Plot model residuals for both linear regression and random forest

  • The plot below shows that the residuals are significantly reduced by the random forest model.
  • However there are still a small number of large residuals remaining.

What dates do largest residuals fall on?

Sorting by residual, we can see that a lot of the largest negative residuals (model overpredicts actual value) occur near holidays (July 4th, Christmas, Thanksgiving). We did include holidays in the model, but the day or two before/after a holiday are also strongly affected. This makes sense; people often take off multiple days or a long weekend for big holidays.
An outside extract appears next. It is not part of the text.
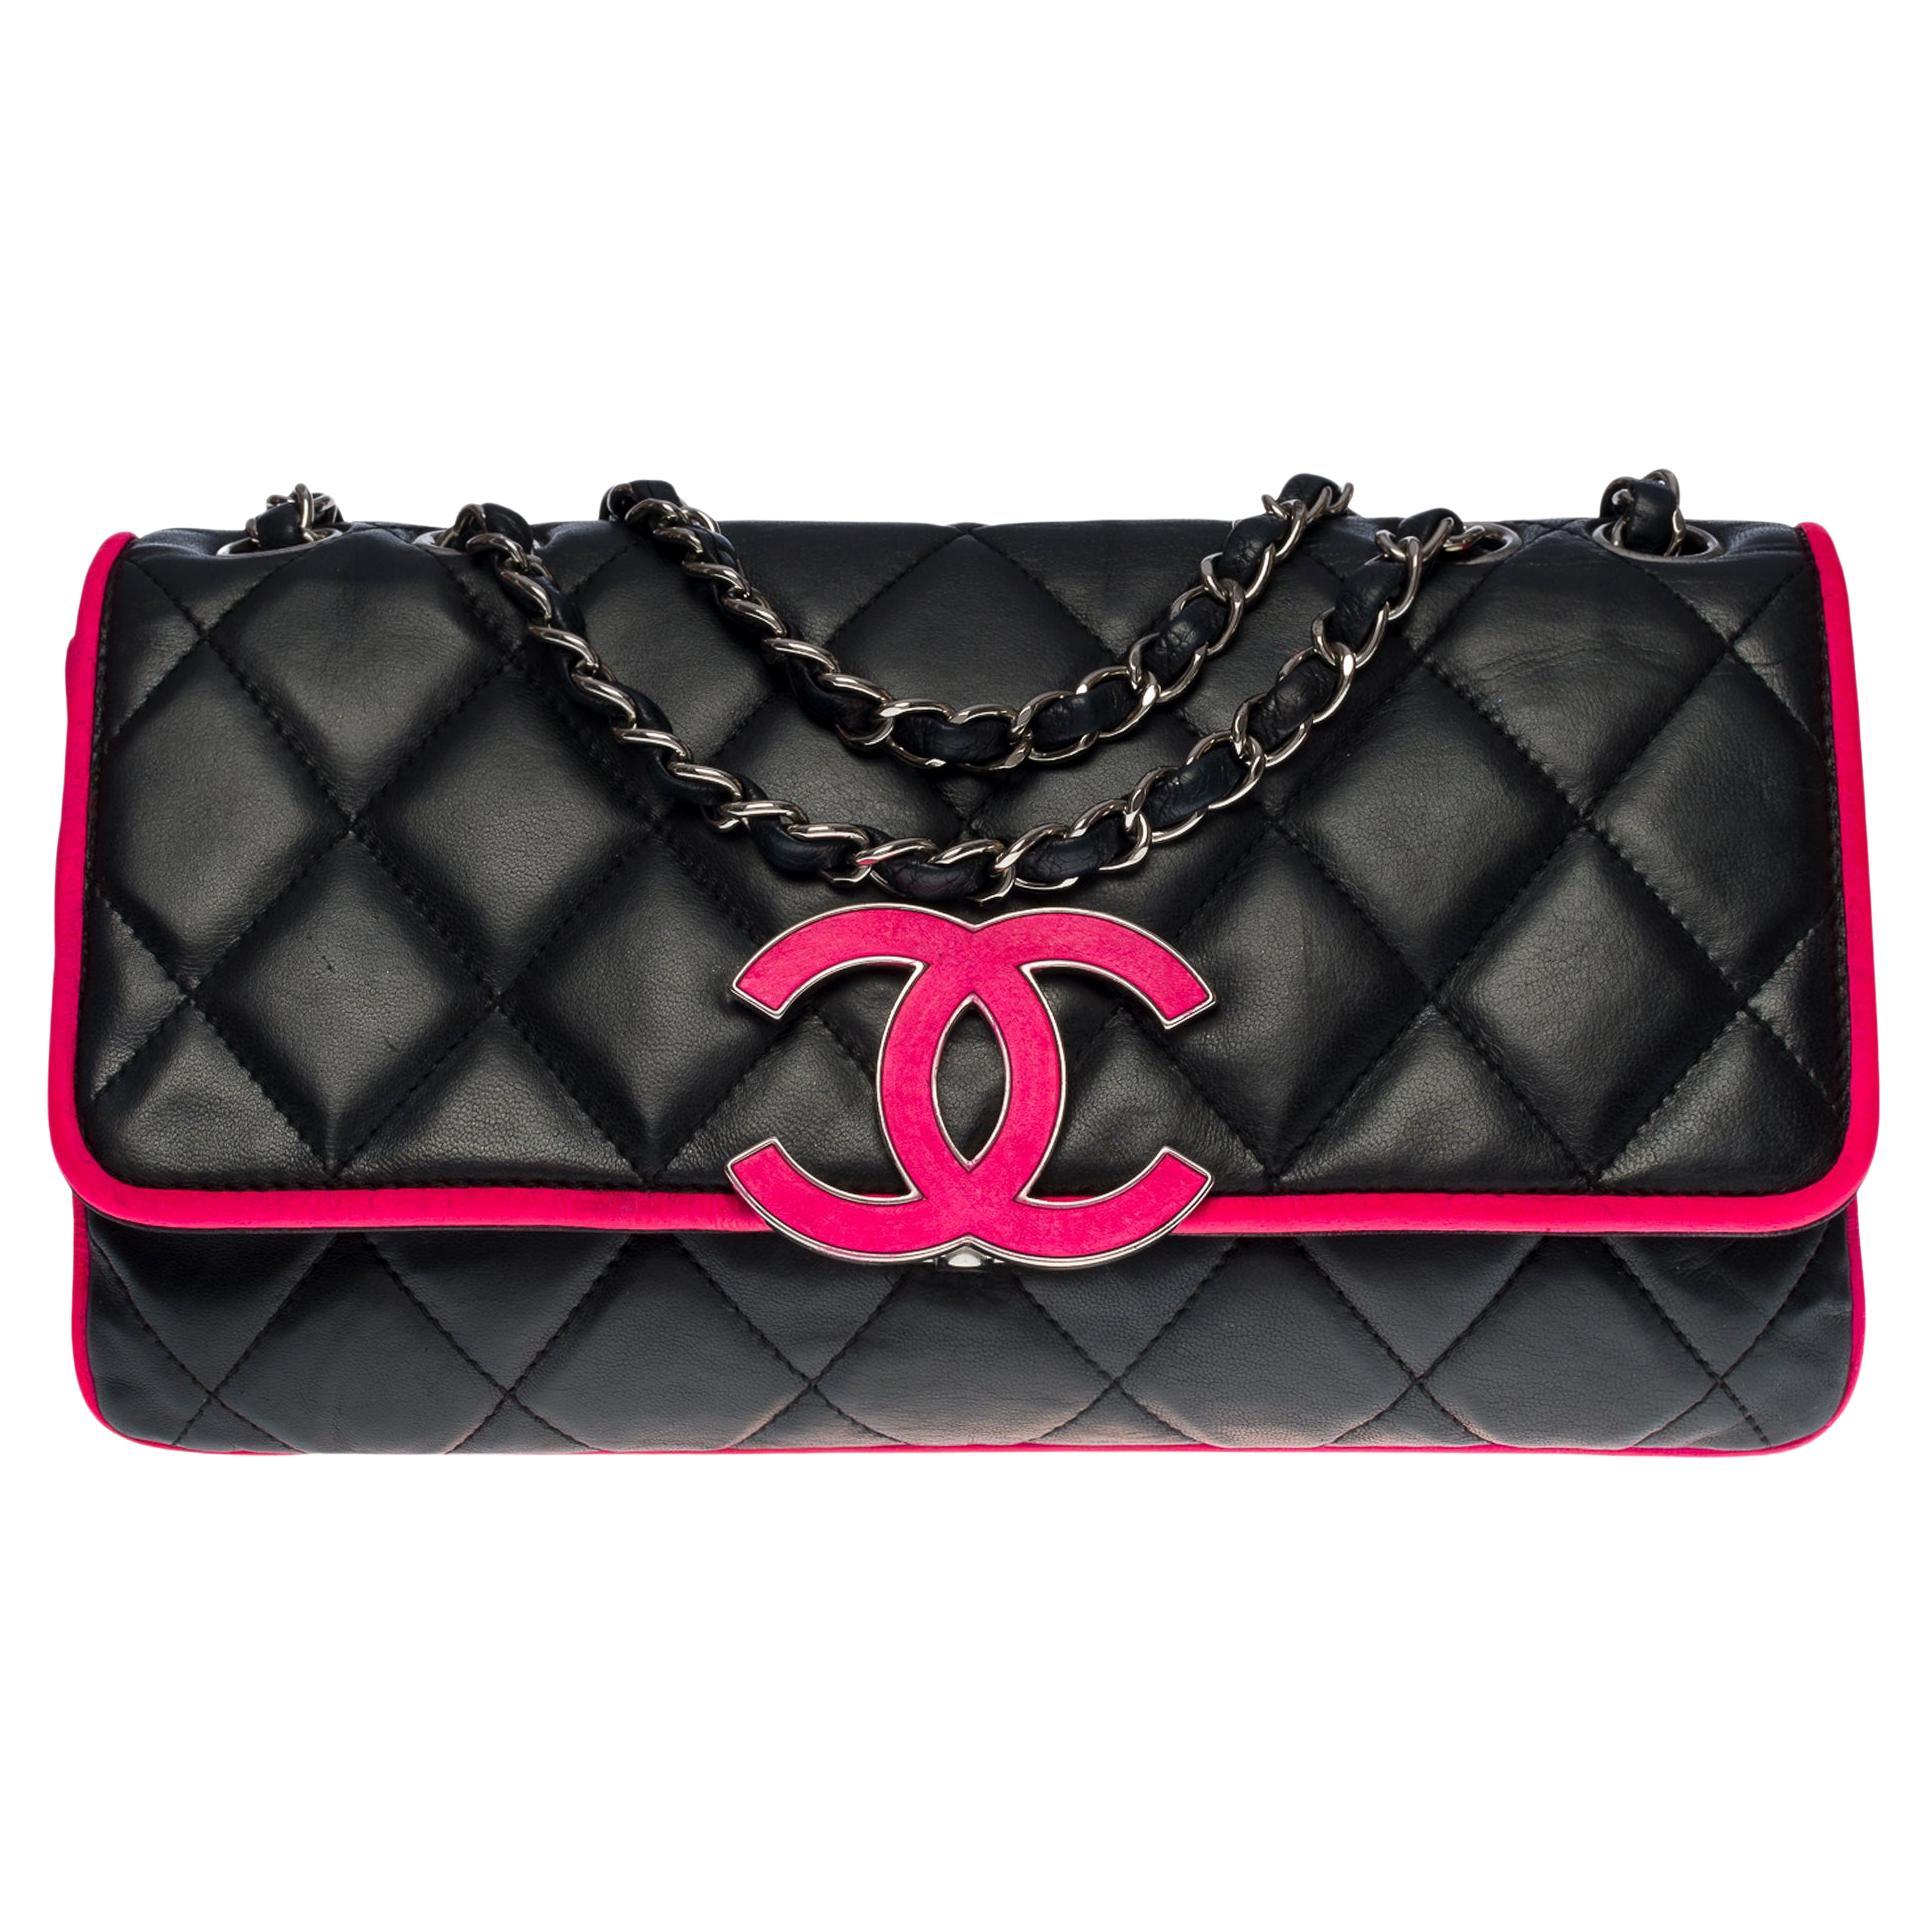 Chanel Classique flap shoulder bag in black and neon pink leather, SHW at  1stDibs
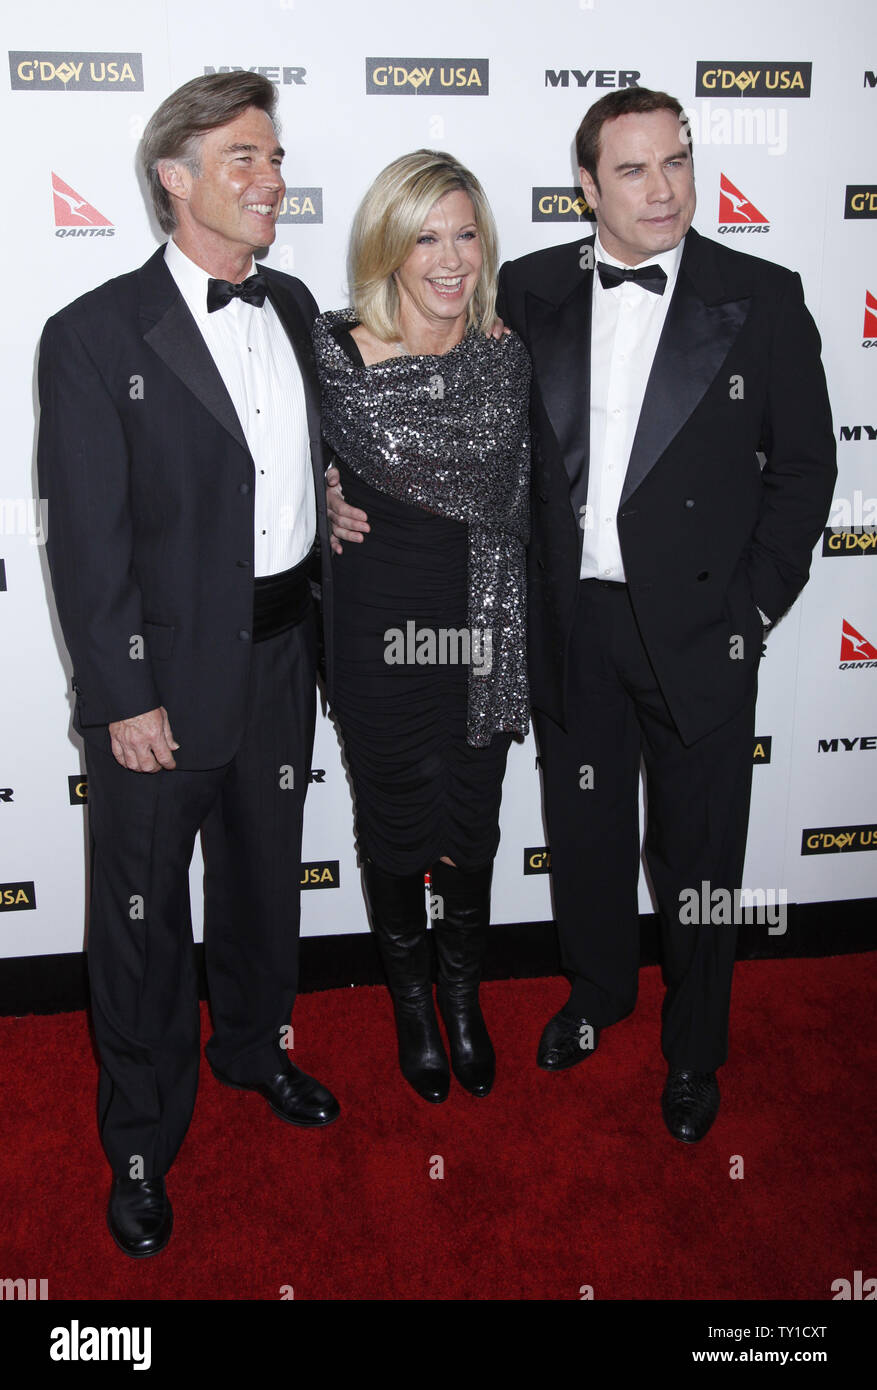 Olivia Newton-John (C), her husband John Easterling (L) and John Travolta arrive on the red carpet at the G'Day USA 2010 Los Angeles Black Tie Gala in Hollywood on January 16, 2010.  The event honors high profile individuals for significant contributions to their industries and for excellence in promoting Australia in the United States.   (UPI/David Silpa) Stock Photo

If really wanted to try to capture this behavior, we might create a ‘near holiday’ variable this is 1 on the day or two before/after a holiday.

X2 = df_comb.copy()
# add residuals
X2['resid'] = y - reg.predict(X_all)
X2[['resid','date']].sort_values('resid').head(10)
resid date
4 -23457.483704 2013-07-05
1094 -23002.179137 2016-12-25
15 -20979.056450 2013-07-18
3 -20503.650893 2013-07-04
1099 -20413.004310 2017-01-02
16 -19863.673724 2013-07-19
779 -19483.244629 2015-12-24
5 -19107.903351 2013-07-06
7 -17724.623738 2013-07-08
1065 -17219.932118 2016-11-25

Looking at the positive residuals (model underestimates actual values), there isn’t any obvious pattern that jumps out to me. These could be days there were special events (races, concerts etc.) that disrupted the usual transportation patterns.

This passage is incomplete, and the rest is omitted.